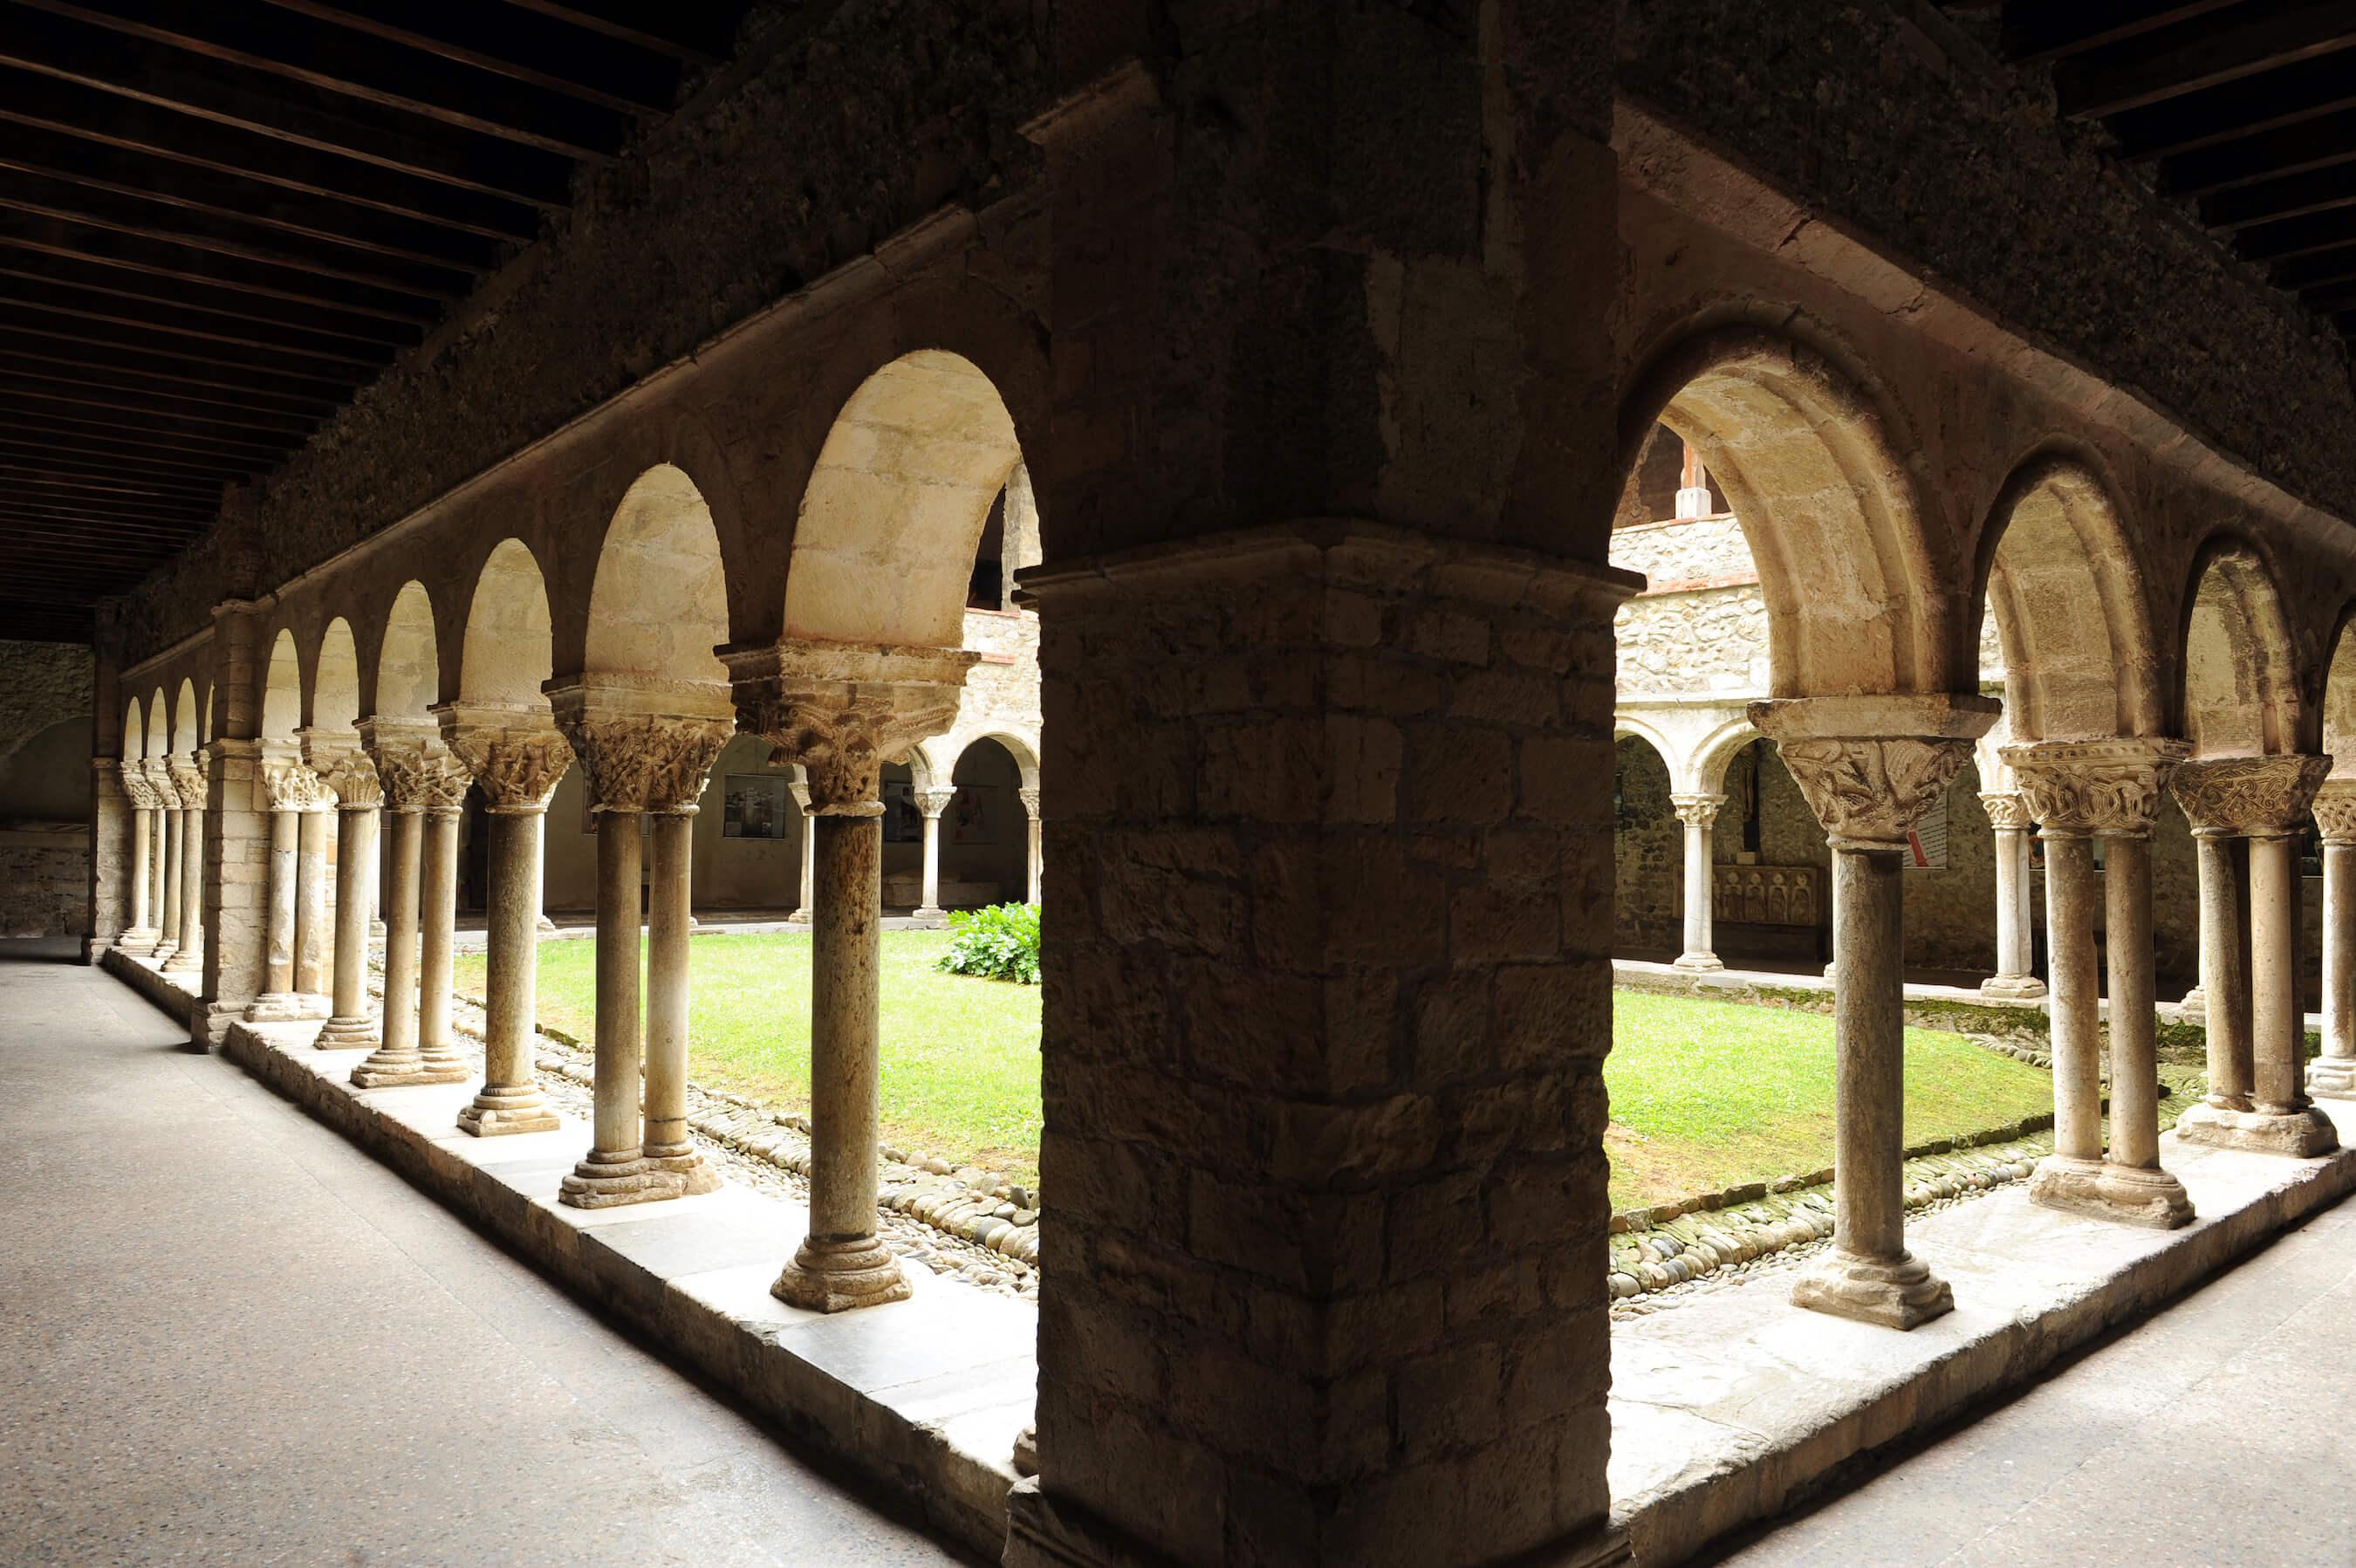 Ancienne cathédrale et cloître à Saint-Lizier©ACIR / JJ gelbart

□ □ □ □ □

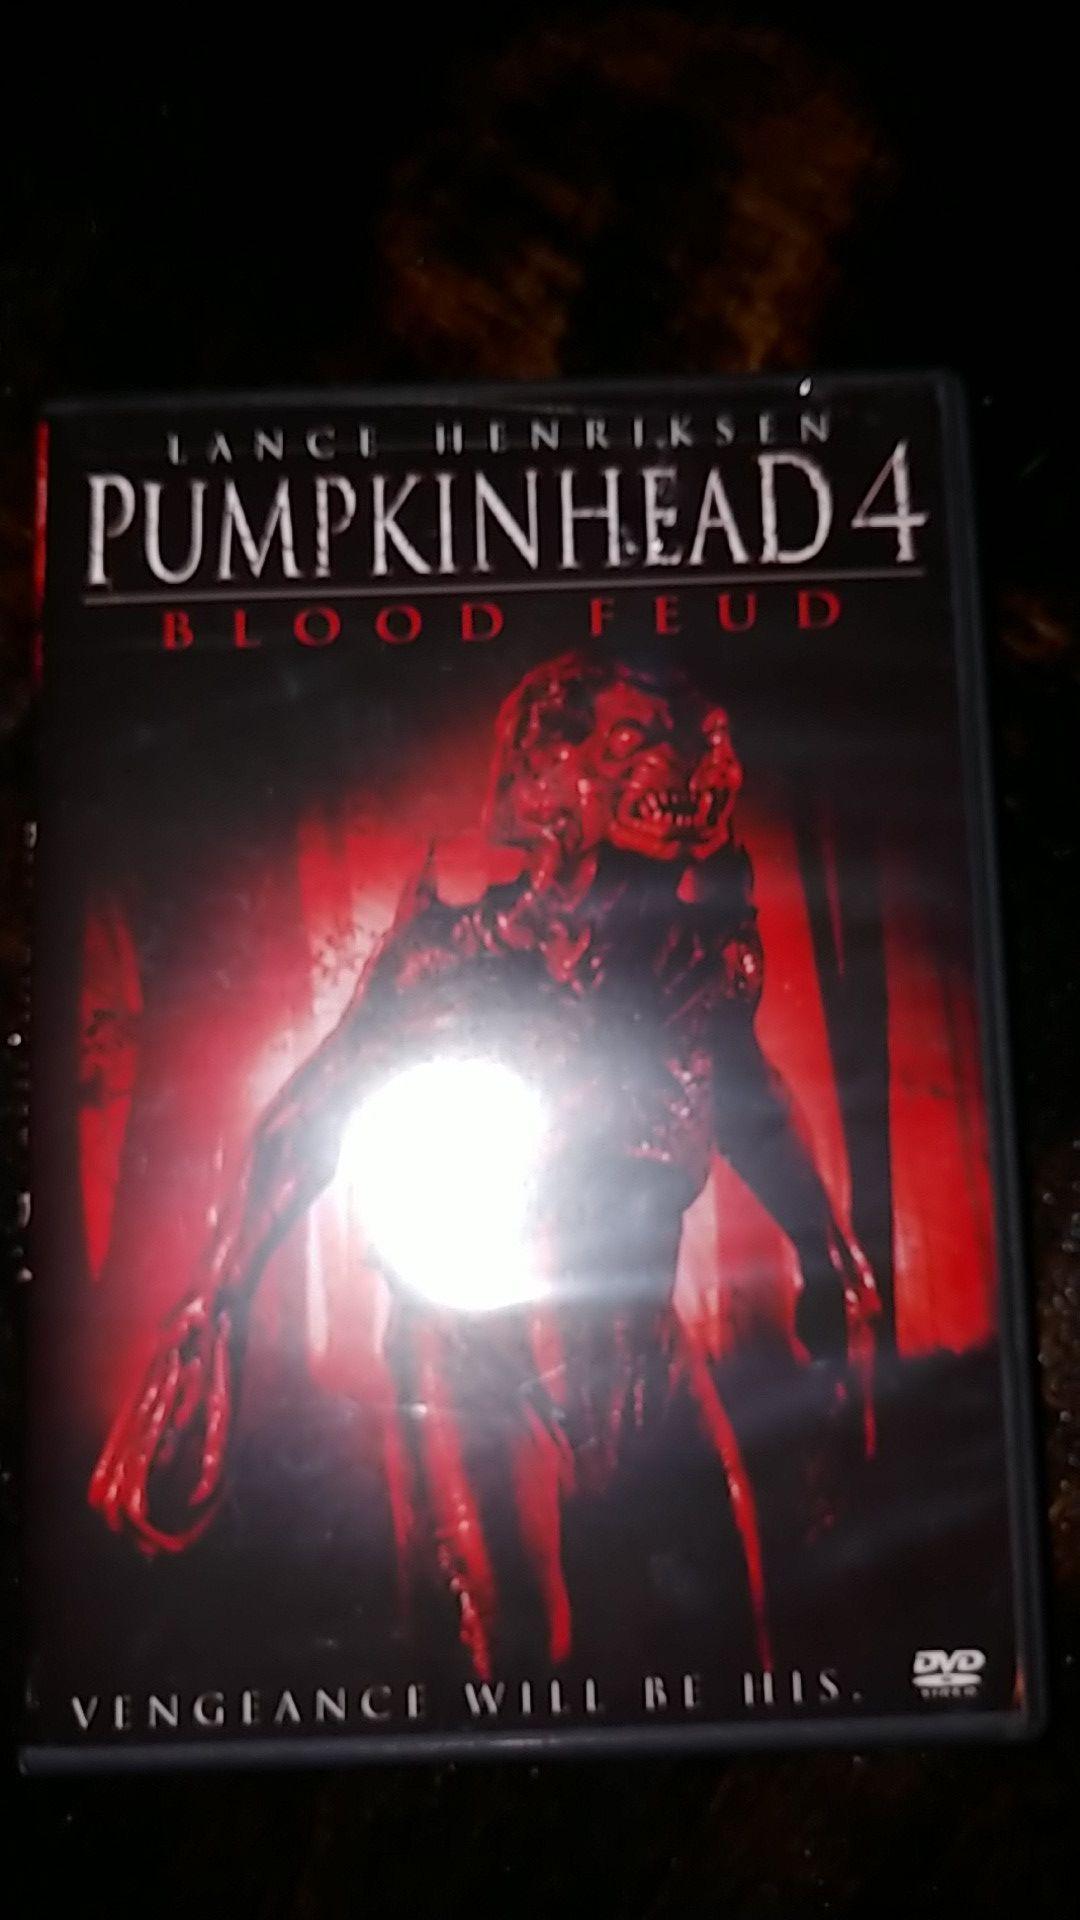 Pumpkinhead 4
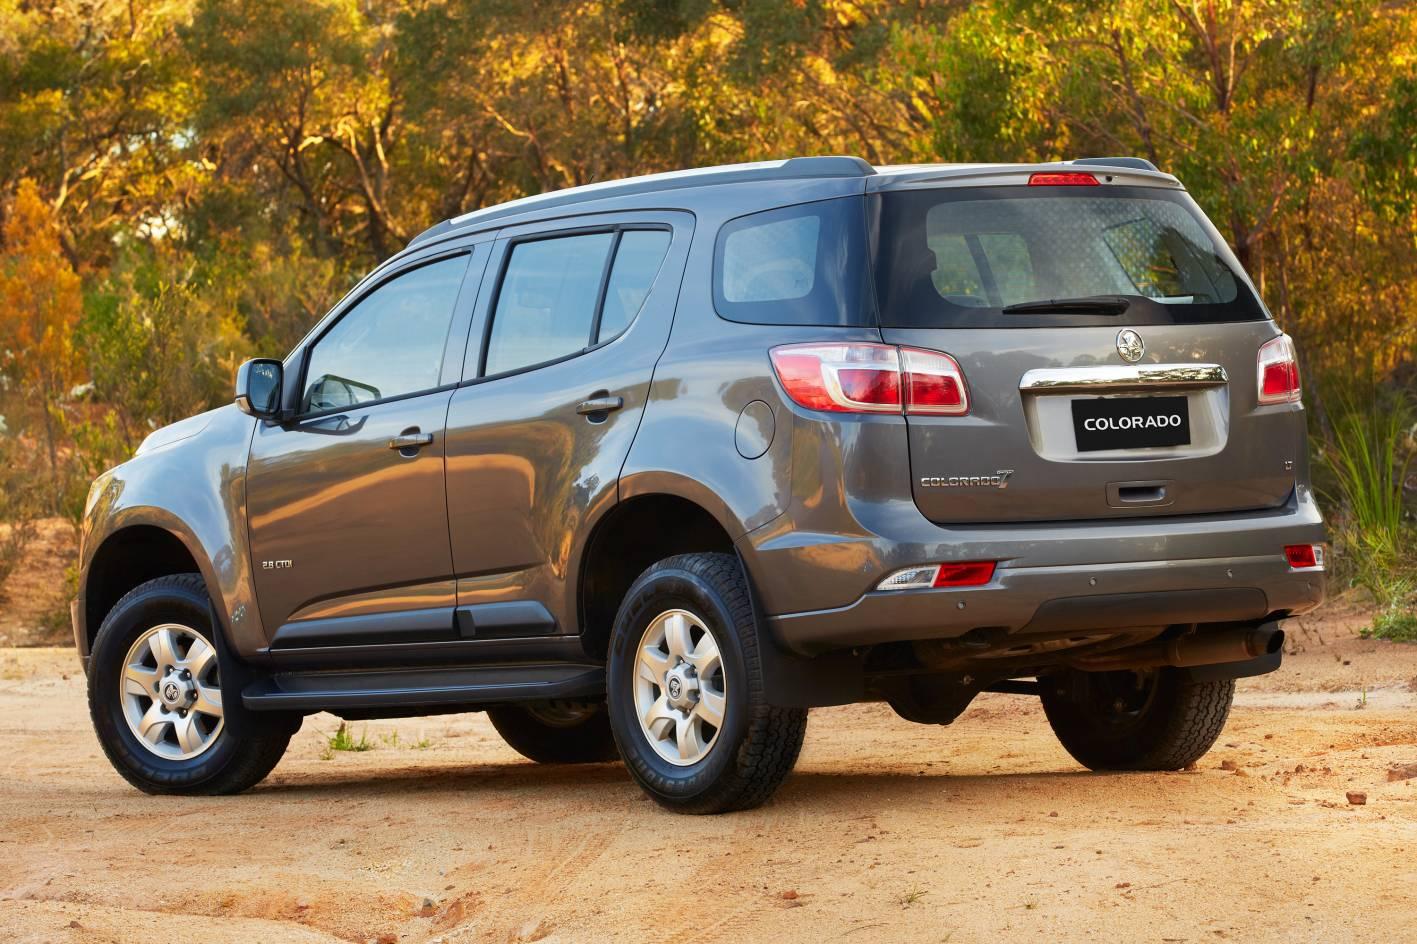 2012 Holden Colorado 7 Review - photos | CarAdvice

□ □ □ □ □

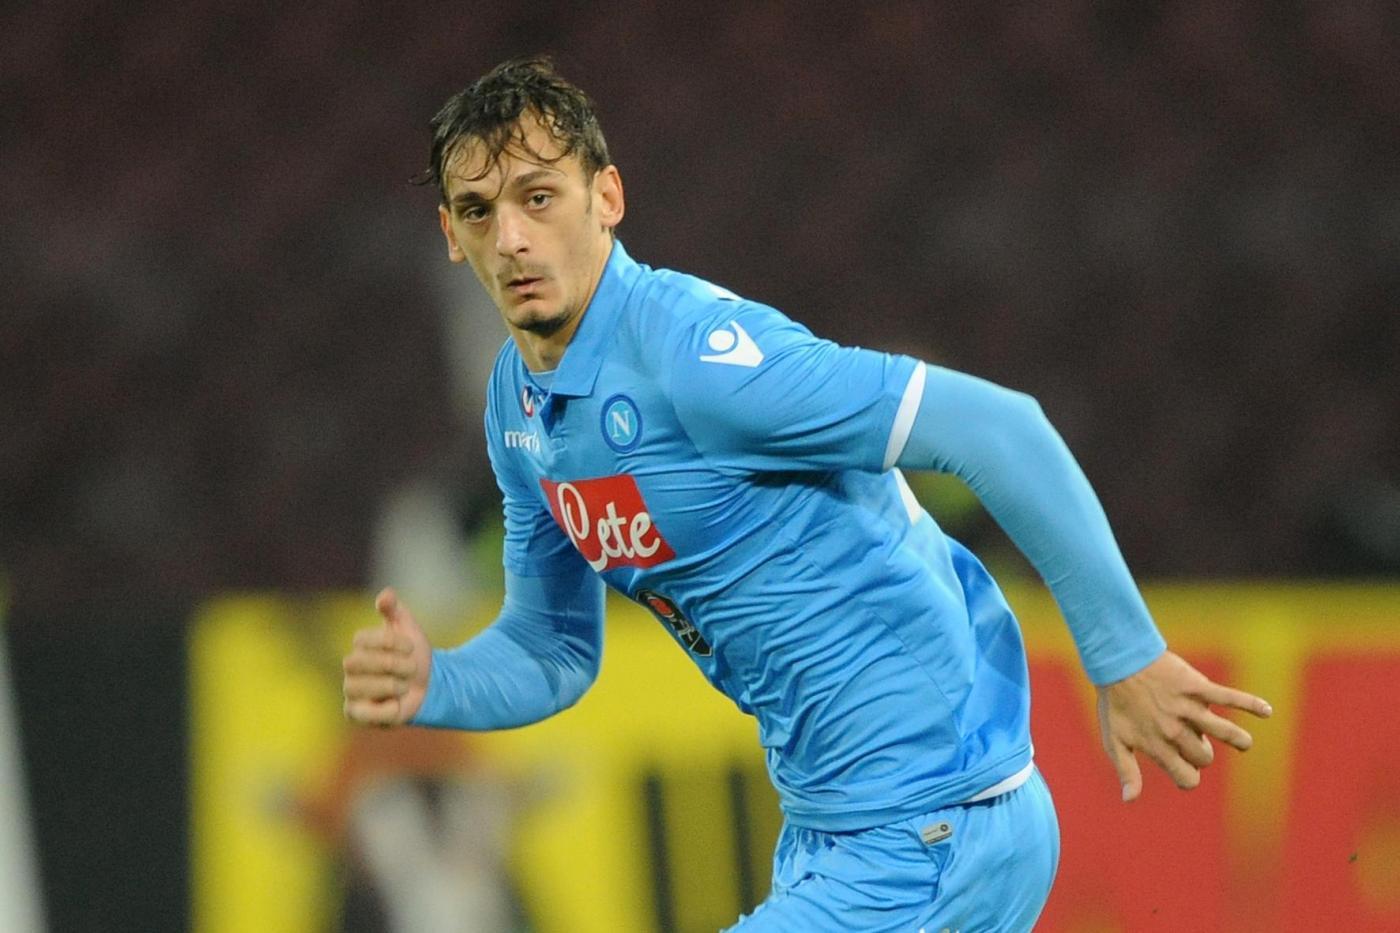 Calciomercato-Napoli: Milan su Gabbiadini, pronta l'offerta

□ □ □ □ □

• What you should do
From the data above, return only the lines starting at the line that holds "Pumpkinhead 4" and ending at the line that holds "2012 Holden Colorado", word for word and without pictures.

• Output of the task
 Pumpkinhead 4
 2012 Holden Colorado 7 Review - photos | CarAdvice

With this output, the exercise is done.